Question

Suppose that the handedness of the last fifteen U.S. presidents is as follows: 40% were left-handed (L) 47% were Democrats (D) If a president is left-handed, there is a 13% chance that the president is a Democrat. Based on this information on the last fifteen U.S. presidents, is "being left-handed" independent of "being a Democrat"? Yes, since 0.40 * 0.47 is not equal to 0.13. Yes, since 0.47 is not equal to 0.13. No, since 0.47 is not equal to 0.13. No, since 0.40 is not equal to 0.13.

Answer 1

No, since 0.47 is not equal to 0.13.

Explanation:

We are given with the handedness of the last fifteen U.S. presidents as;

Probability of left-handed, P(L) = 0.40

Probability of Democrats, P(D) = 0.47

Probability that the president is a Democrat given a president is left- handed, P(D/L) = 0.13

Based on this information on the last fifteen U.S. presidents, "being left-handed" is not independent of "being a Democrat" because ;

For this both event L and D to be independent P(D/L) must be equal to P(D) as only then we can say that both events are independent as it is given that the probability of president being democratic is 0.47 and this probability changes to 0.13 when we know that president is left-handed then the president of being democratic changes from 0.47 to 0.13.

Answer 2

Correct option is: No, since 0.47 is not equal to 0.13.

Explanation:

Independent events are those events that are not affected by the occurrence of other events.
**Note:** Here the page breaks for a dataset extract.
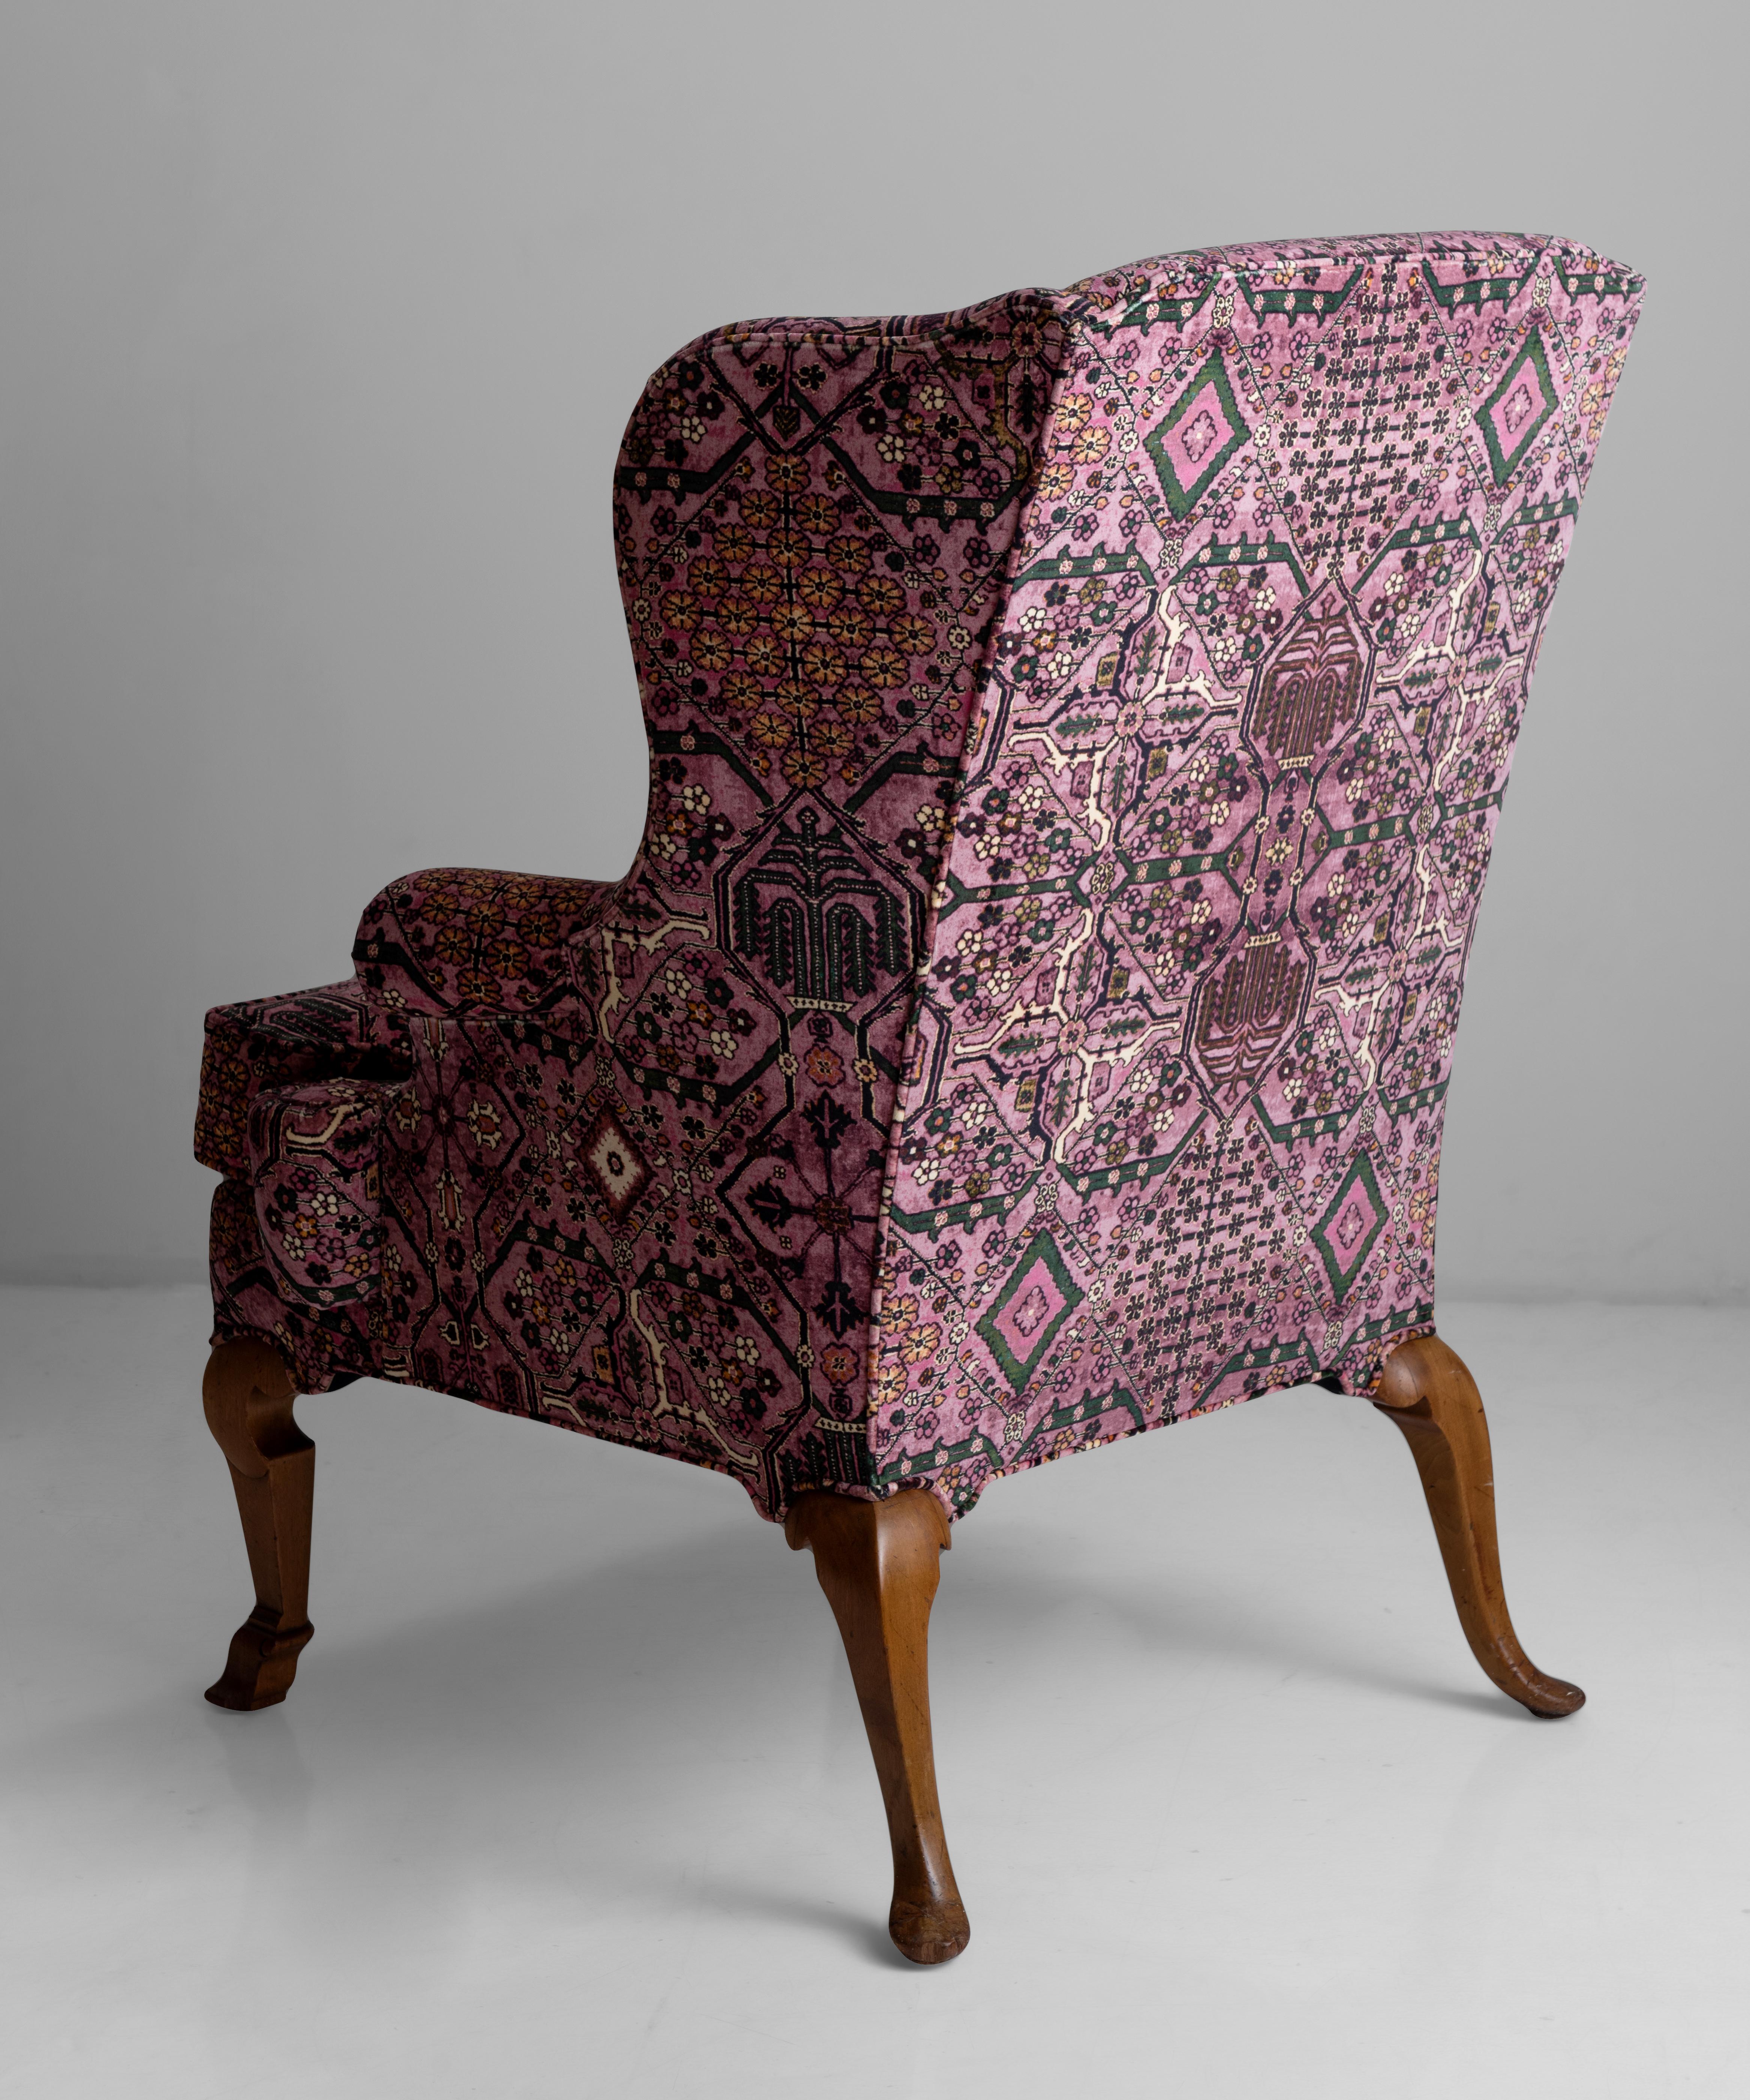 English Walnut Wing Chair in 100% Cotton Velvet from House of Hackney

If events A and B are independent then, P (A ∩ B) = P (A) × P (B).

Then the conditional probability of B when A has already occurred is:

`P (B|A)=(P(A\cap B))/(P(A))=(P(A)* P(B))/(P(A))=P(B)`

It is provided that:

P (L) = 0.40

P (D) = 0.47

P (D|L) = 0.13.

If events D and L are independent then: P (D|L) = P (D).

But P (D|L) = 0.13 ≠ P (D) = 0.47.

Thus, the event of "being left-handed" is not independent of the event of being a Democrat.

The correct option is: No, since 0.47 is not equal to 0.13.